Mamá se puso en pie. Viejo no hablaba.
―No lo digas -gritó- Vas a joderlo todo.
―Mama, hace rato que esto está jodido.
Viejo no hablaba. Mamá se sentó.
―Es verdad –dijo ella-
―Es verdad –dijo mi hermano-
De pronto en plena mesa, después de tantas semanas discutiendo y sin llegar a una solución que nos acomodara a los tres, por fin, estábamos de acuerdo. O no tan de acuerdos, más bien, conformes.

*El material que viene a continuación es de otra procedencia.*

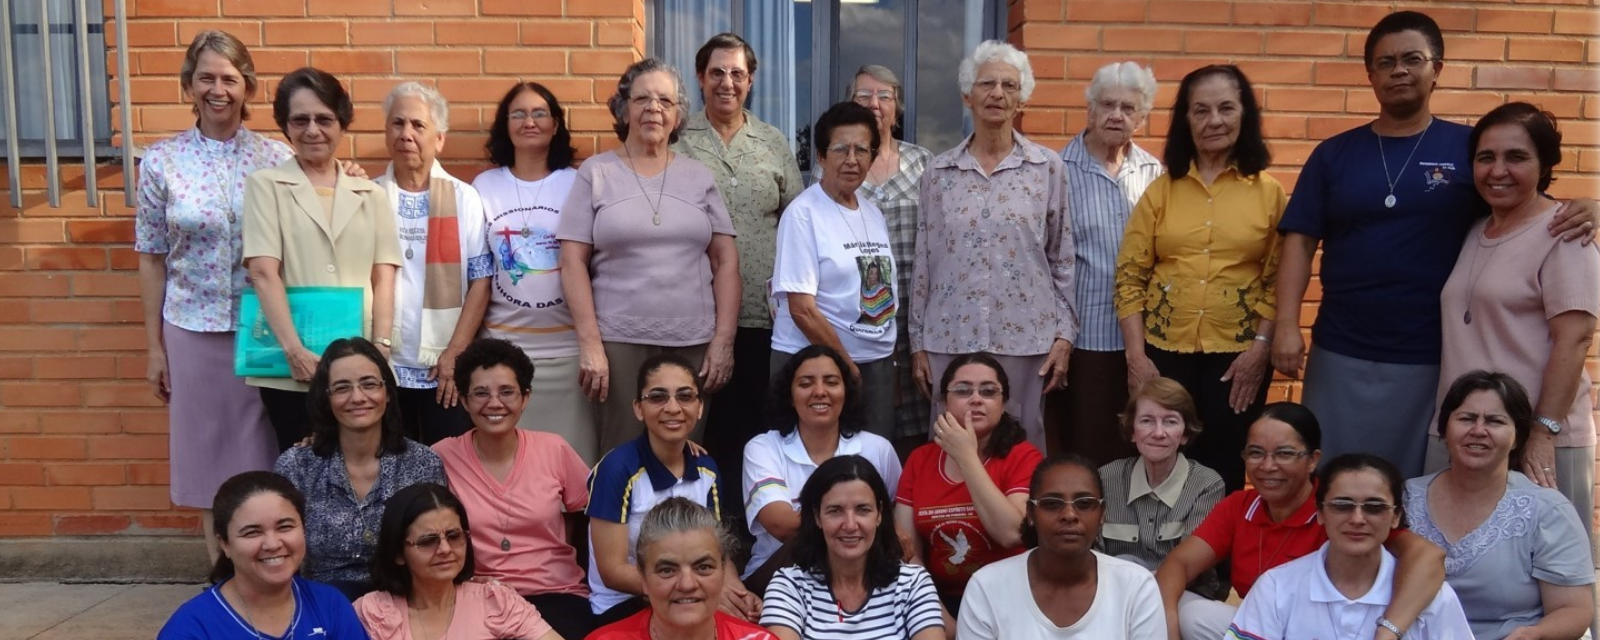 Grupo de senhoras reunidas, representando a formação da congregação.

―Pa… Tenemos que decirte algo.
Él no se asustó tanto, de hecho, yo creo que él ya lo sabía, solo que desde un inicio decidió creerse toda esta mentira que solo estuvo en su mente y por un tiempo cobró vida con nosotros. De pronto me asaltó su pregunta:
―Ustedes están muertos ¿Verdad? –nos preguntó con unos ojos que iban de mí a mi hermano y luego a mi madre y de vuelta a mí-
Mamá solo asentía con la cabeza igual que mi hermano, culpables. Vi como el rostro de mi hermano se iba desintegrando en la nada, el cabello de mi mamá iba cayendo, mis manos se iban fundiendo con el vacío.
―Sí, pa… Ya estamos muertos –alcancé a decirle-
Viejo bajó la mirada.
―Claro -dijo-
Eso fue lo último que le escuché decir: “Claro”, y si dijo alguna otra cosa no pude escucharlo, mi cuerpo se hizo poco a poco una ceniza transparente que se fue desvaneciendo y mesclando con el de mi madre, con el de mi hermano, nos fuimos volando, poco a poco; él se quedó, ahí, solo, con su vista caída, distraído, por fin: incrédulo.